As you can tell from the name of this Substack, I write with the intention to address these temporal and perceptual gaps. These ramblings of mine that you’ve so adventurously subscribed to read will delve into the Chinese entertainment industry and its fans, which can be jointly referred to using the umbrella term fanquan (饭圈), fan circles.
I will share with you the most intriguing or noteworthy incidents in fanquan, alongside the latest updates in fanquan studies written in the Chinese language.
What this will not be is a definitive conclusion of any sort. Think of me as a campus tour guide, wearing tacky logo shirts (most likely manufactured in China) and over-enthusiastically handing out freshers’ pamphlets with too much text that most won’t read.
I’m no professor, but I know my way around the neighborhood. I started to read Harry Potter fan fiction before I was old enough to own an iPod. I want to stir up conversations about what’s happening in and to Chinese fanquan, as an insider and an observer. Why?

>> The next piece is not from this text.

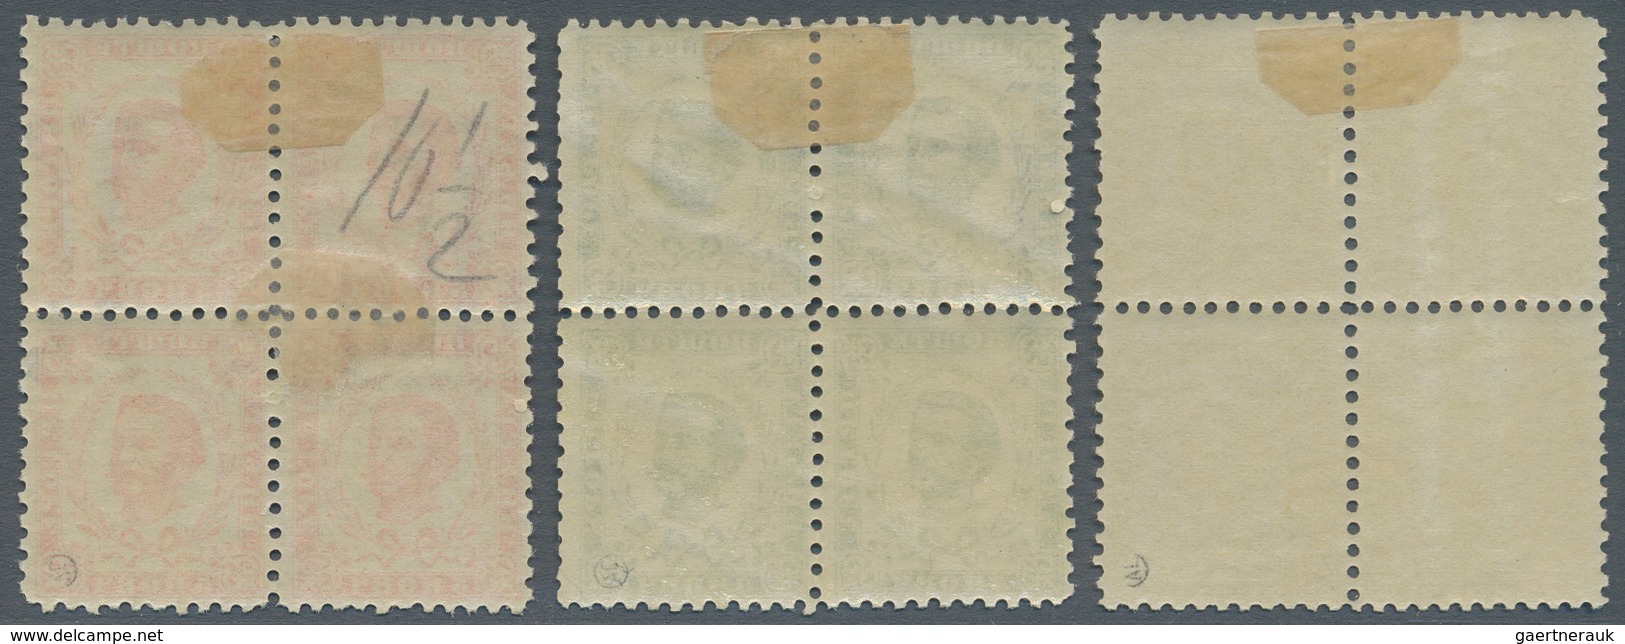 Montenegro: 1890. Prince Nicholas. Third Printing. Set of seven, Perf 10½, stamps 2-2½ mm apart, thi

Because I am and will be arguing, in everything I put out, that fanquan is a space of emergent discursive opportunities, sprouting civil action and changing consciousnesses. Its significance is often trivialised and undermined by its entertainment undertones. The following issues of this newsletter will cover the debates, protests, and habitual practices in fanquan to dispute this oversight.
As I weigh my words in this piece, I can’t help but feel as if the most glaring fault lies between me and every single one of you. I’ve been online long enough to know how meaning gets distorted when its building blocks are ghostlike alphabets made up by 0 and 1s. I might as well be speaking into the void, but I’m willing to shout until the rocks echo and I hope I’d get to hear your voice across the fractured land.
With that, let’s give ourselves a hug for a long, long year.
Wishing you nothing but the best and see you soon!